Our focus throughout is on the decision of FDI locations, which is related to the trade-off of how to allocate their manufacturing factories and their final outputs.
This paper investigated the pattern of FDI location by firm heterogeneity in the spirit of Aw and Lee (2008) in which the authors develop a three-country model accounting for the interdependence between host country and other final consumption countries.
In addition, we modify the framework of Aw and Lee (2008) by drawing on the insight from the process model of internationalization (Johanson and Vahlne, 1977, 1990) to explore the role of uncertainty on locating production overseas. In contrast to Aw and Lee (2008), the export function of domestic factories is not completely replaced by that of Southern ones even though there is a comparative advantage of cheap labors in South country.
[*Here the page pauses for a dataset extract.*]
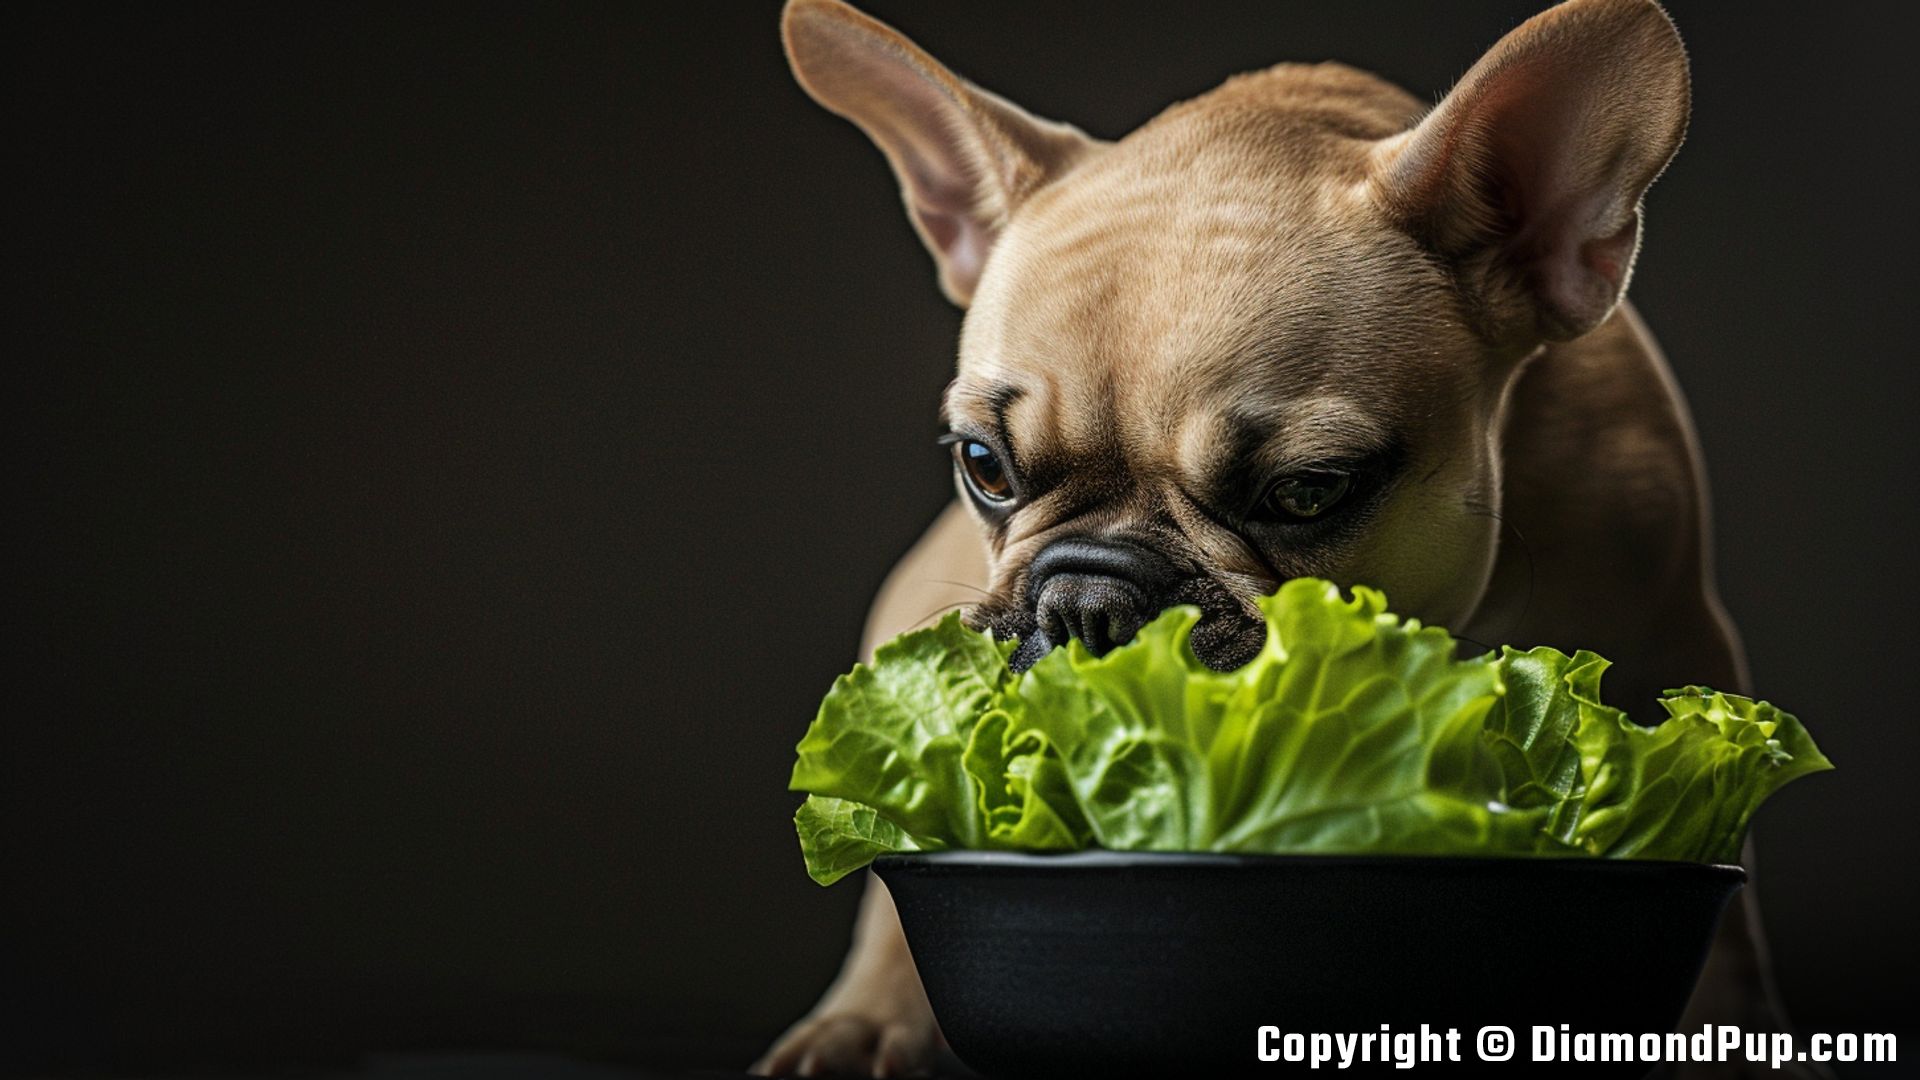 Photo of a Playful French Bulldog Eating Lettuce

Accordingly, “pure” horizontal FDI in South would be the optimal strategy in our theoretical analysis. Furthermore, our paper contributes to the literature by using plant-level data to examine how either firms’
concerns with sovereign risks or their own production levels affect their decision makings of FDI locations. More specifically, we use the data on the operations of Taiwanese MNCs in twenty-four manufacturing industries and eighteen foreign countries in the year 2005. In contrast, most of previous works in this area have used data of multinationals in a small number of industries or used data aggregated to the country level.
Our analysis proceeds as follows. The next section begins with some literature
reviews. The data used for our empirical estimation is described in the subsequent section, followed by the development of a theoretical model for firms’ decisions of locating production overseas and the empirical counterpart to the theoretical model.
The penultimate section goes on the empirical results. The final section provides some conclusions drawn from this study.